Over the years, South Whidbey resident John Norris has found a number of curious items in storage lockers around Whidbey.
His latest discovery may not be as exciting as a human skull or a 17th century cannon — both are former finds — but it is a bona fide piece of Western Washington history that could be over 100 years old.
Recently, while helping a former Clinton resident move out of his home, Norris found a weathered toolbox containing custom-made tools that had been hand-forged for a plywood worker who was employed at a mill in Olympia during the first half of the 20th century.
“It’s a rare find,” Norris said. “It’s something that you’ll never find. He was a special guy who had special-made tools and I rescued it from the dump. That was going to be history gone.”
The worker, Luther Tallent, was born in 1904. When he was a young man, he moved from Tennessee to Olympia. He was a hand patcher at a plywood mill owned by the Washington Veneer Company, which no longer exists today.
According to his son, Luke Tallent, he was responsible for patching any knot or defect that would show up in the plywood. Luther would make a football-shaped patch with the edges of two curved chisels, paste some glue in and add a new piece of plywood to fill the hole.
It was a job that likely became mechanized in the post-World War II era.
“The minute I saw those, being a picker, I’m like, ‘Oh, I need to find out where those belong,’” Norris said of the tools. He procured them from Luke, who was looking to downsize on his possessions as he prepared for his move off the island.
Norris contacted the Olympia Historical Society and is currently in negotiations with members of the society about donating the tools to its museum collection.
Collections Manager Susan Goff said she was able to find records indicating that Luther began working for the Washington Veneer Company in 1940. A few years before that, he worked at a similar operation that ended up being acquired by the Washington Veneer Company.
The Washington Veneer Company was sold to the Georgia-Pacific Corporation in 1948 and all mills owned by it were closed down by 1969. Luther may have been a plywood worker there until the 1950s or 1960s.
“He worked there as long as I could remember, until Georgia-Pacific closed up the plant,” Luke said of his late father, who passed away sometime during the 1980s.
Today, a farmers market occupies the site where the former mill in Olympia once stood.
The Washington Veneer Company was started in 1924 by Ed Westman, who, years earlier, had been successful in starting a rival plywood company by the name of Olympia Veneer Company. He was persuaded to resign from his role at Olympia Veneer Company in order to start the new plywood company.
A couple was married atop the towering Washington Veneer smokestack as a publicity stunt in 1929. A cameraman captured footage of the big event, which can still be viewed today.
Plywood was a desirable material for building homes and fulfilling wartime needs.
The handmade patching tools Luther used were likely either made just for him or were passed down from the plywood worker who did the job before him. The tools contain no maker’s mark and could potentially be over a century old.
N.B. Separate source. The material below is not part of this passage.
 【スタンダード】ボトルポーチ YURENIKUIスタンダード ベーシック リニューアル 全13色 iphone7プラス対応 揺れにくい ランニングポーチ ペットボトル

Norris observed that despite their age, they are still razor-sharp.
“I would imagine at that time that a set of tools would have been pretty expensive,” Luke said.
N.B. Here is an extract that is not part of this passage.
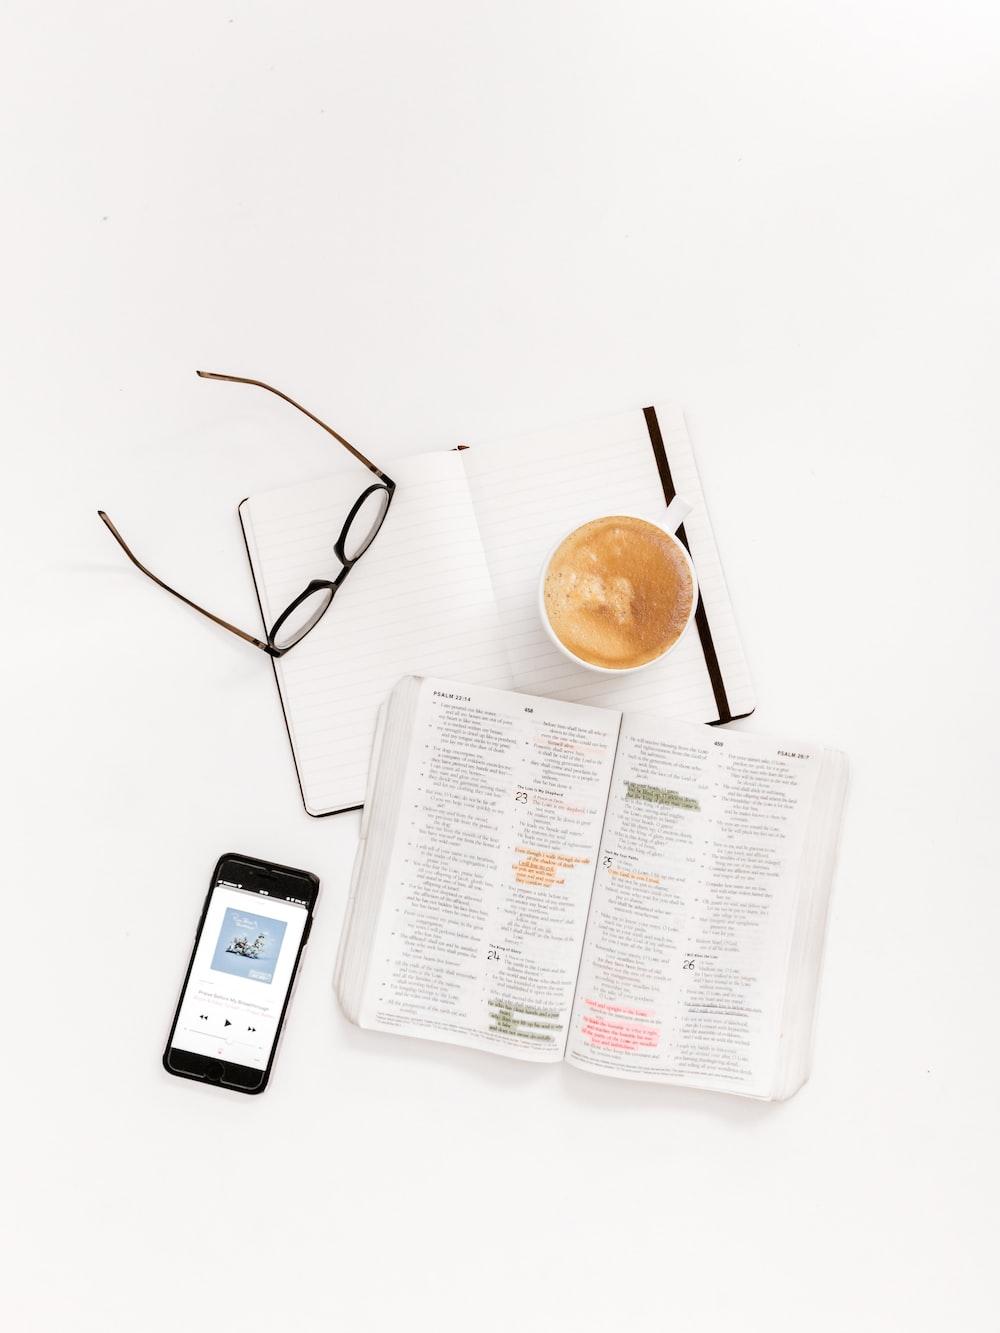 black framed eyeglasses, notepad teacup and smartphone

Later in his career, Luther developed an allergy to the patching glue. He started doing other jobs at the plant, including adjusting the saws.
“He liked working with wood and he liked working with his hands,” Luke said. “Other than that, it was a way to provide for the family.”
Other items in the toolbox include a hammer, a horseshoe and handmade nails a few inches long. The box is affixed with an old lock that has a “S” insignia on it that is eerily similar to the new Seattle Kraken logo.
“It would be a sin to use them for anything else,” Norris said of the tools. “They are worthless in the eye of a new beholder, in 2021. Back in the day, they were priceless.”
Goff expressed excitement about adding the tools to the Olympia Historical Society’s museum collection. The society is currently in the process of establishing a museum location to display the tools, alongside other artifacts that tell the industrial history of the state’s capital.
Luther Tallent’s plywood tools will be the first of their kind in the new museum.
“There are families who don’t think about sharing this wonderful wealth of information of things,” she said. “It’s really great.”
Luke agreed that he thought a museum would be a fitting final resting place for his father’s tools.